Macbeth at The Stables

Patrick Kealey reviews an extraordinary production of Macbeth.

There’s a lot to admire in Frances Viner’s bold timely modern dress revival of Shakespeare’s Macbeth at the Stables Theatre playing until Saturday 12 February 12. In a‘poor theatre’ empty stage setting framed by a semi circle of about 20 miscellaneous chairs, and a grainy CCTV style back projection giving ghostly out of synch echo to the action on stage, she exposes her wonderfully committed ensemble of actors to relentless scrutiny by the audience as both witnesses and participants to the unfolding tragedy. It’s a brave exercise in creating a genuine ensemble theatre company and pays huge dividends at several key points in the action and you rapidly forgive the mixed experience and ability of the players and appreciate the inventive unfussy fluid staging and clever set pieces.

In the infamous banquet scene for example, the entire cast confidently sashay downstage to a disco beat – Ru Paul would be delighted – wearing paper crowns like some demonic Christmas party from hell, eyeball the audience, tear their hats off, and throw them contemptuously towards us as if to say “ so much for power and ambition” before parading back around the stage under Macbeth’s oversized robe of state like some kind of comic caterpillar.

There are a lot of servants and supporting characters in Macbeth and it’s a tribute to the detailed direction that nearly all of them make their mark. Everyone gets their moment. I particularly liked the gibbering mess of an assassin with a drink problem (probably not the best candidate for the job of ruthless killer), the eerie bag lady witches first seen applying bright red lipstick before winding up their spell, (echoed by Mary Campbell’s predatory, languorous Lady Macbeth on her first entrance so we understand that she is already marked out as their useful instrument of evil) and a sleazy gleeful bug eyed drunken porter much the worse for wear. I’ve never realised before quite how big a part drink plays in the story. Scotland. Wow! There’s an awful lot of quaffing going on. But then if you lived somewhere as bleak as the landscapes in Sam Sharples back projections you’d probably need a stiff drink or two to make it through as well. At one point the chorus/ensemble clutter the stage with discarded paper cups. “The party’s over” they now seem to be saying. Sex, death and alcohol – what more could you possibly want from a good night out at the theatre?

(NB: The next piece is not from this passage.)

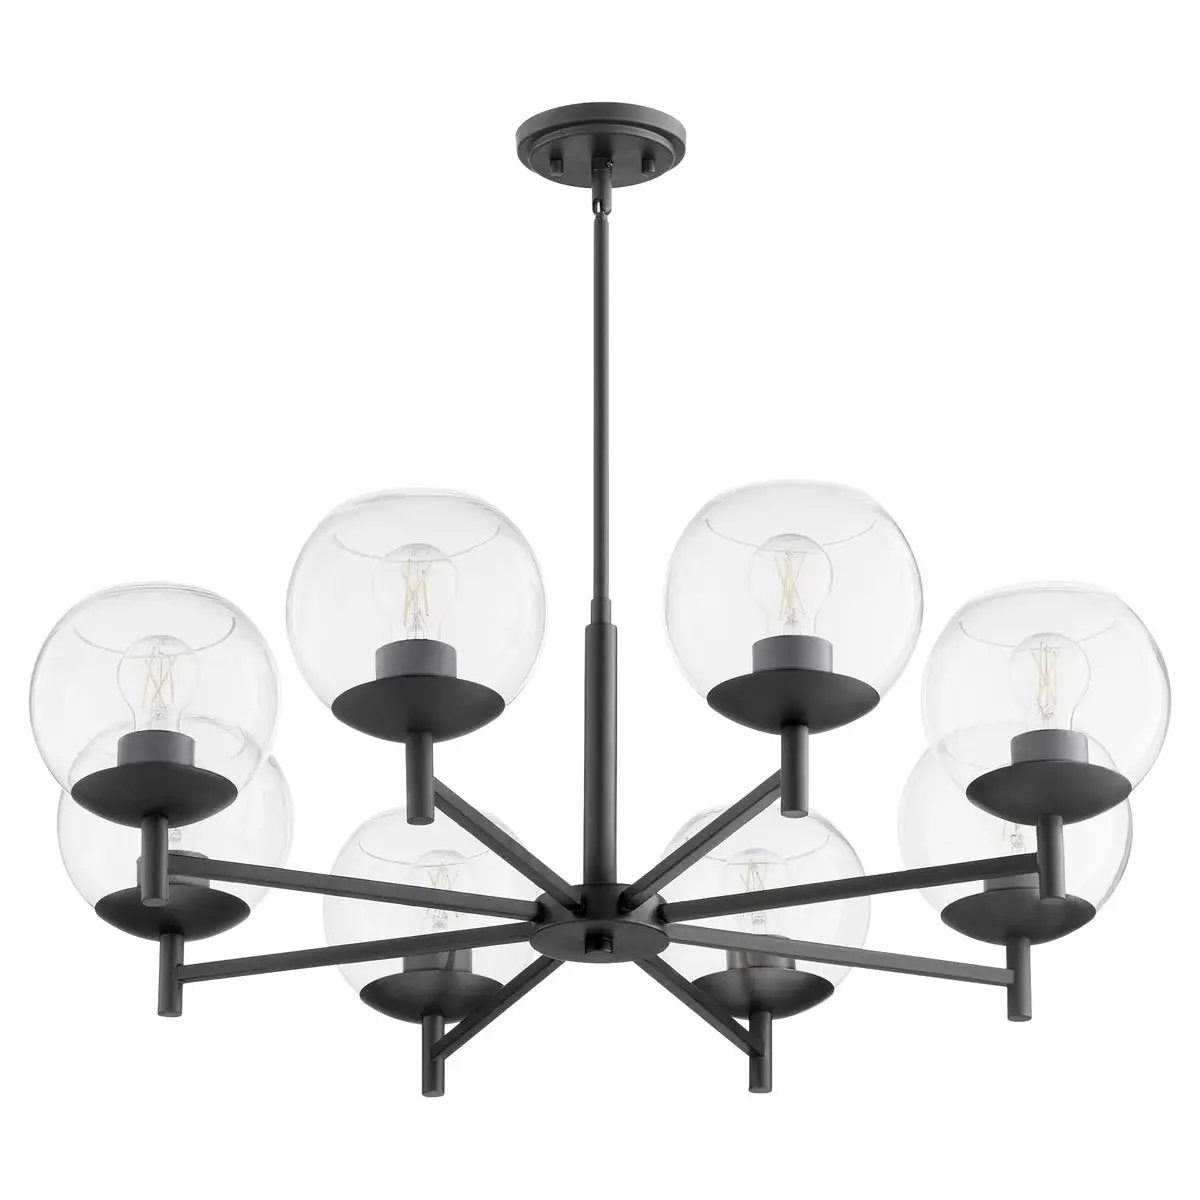 Mid Century Modern Chandelier with clear lights and rounded casings, showcasing subtle, stylized design. Strong angles and bold lines complement rounded profiles. Matte Black finish. Perfect for kitchens, dining rooms, living rooms, or entry foyers. 34&quot;W x 11&quot;H. 8 bulbs, 60W, Medium E26 base. Dimmable. UL Listed. 2-year warranty.

Matt Hastings is a rotund, barrel chested bearlike Macbeth who struts and frets the stage with a haunted air. He shows flashes of valiant fury as well as a growing sense of hollowed out guilt at the violent black mass he’s unleashed. In the scene after Duncan’s murder we watch him checking out how well his Johnsonian whoppers are going down, casting a shifty sidelong glance at his warrior wife at one point as if seeking reassurance from her that they’re getting away with the regicide they’ve inflicted on the assembled grief stricken court. While he never hits heights of heroic or tragic grandeur, it’s a convincing portrait instead of a very ordinary man descending into a pointless and futile murderous psychosis. Think Breaking Bad, which took 8 seasons to tell the story that Shakespeare compresses into two hours.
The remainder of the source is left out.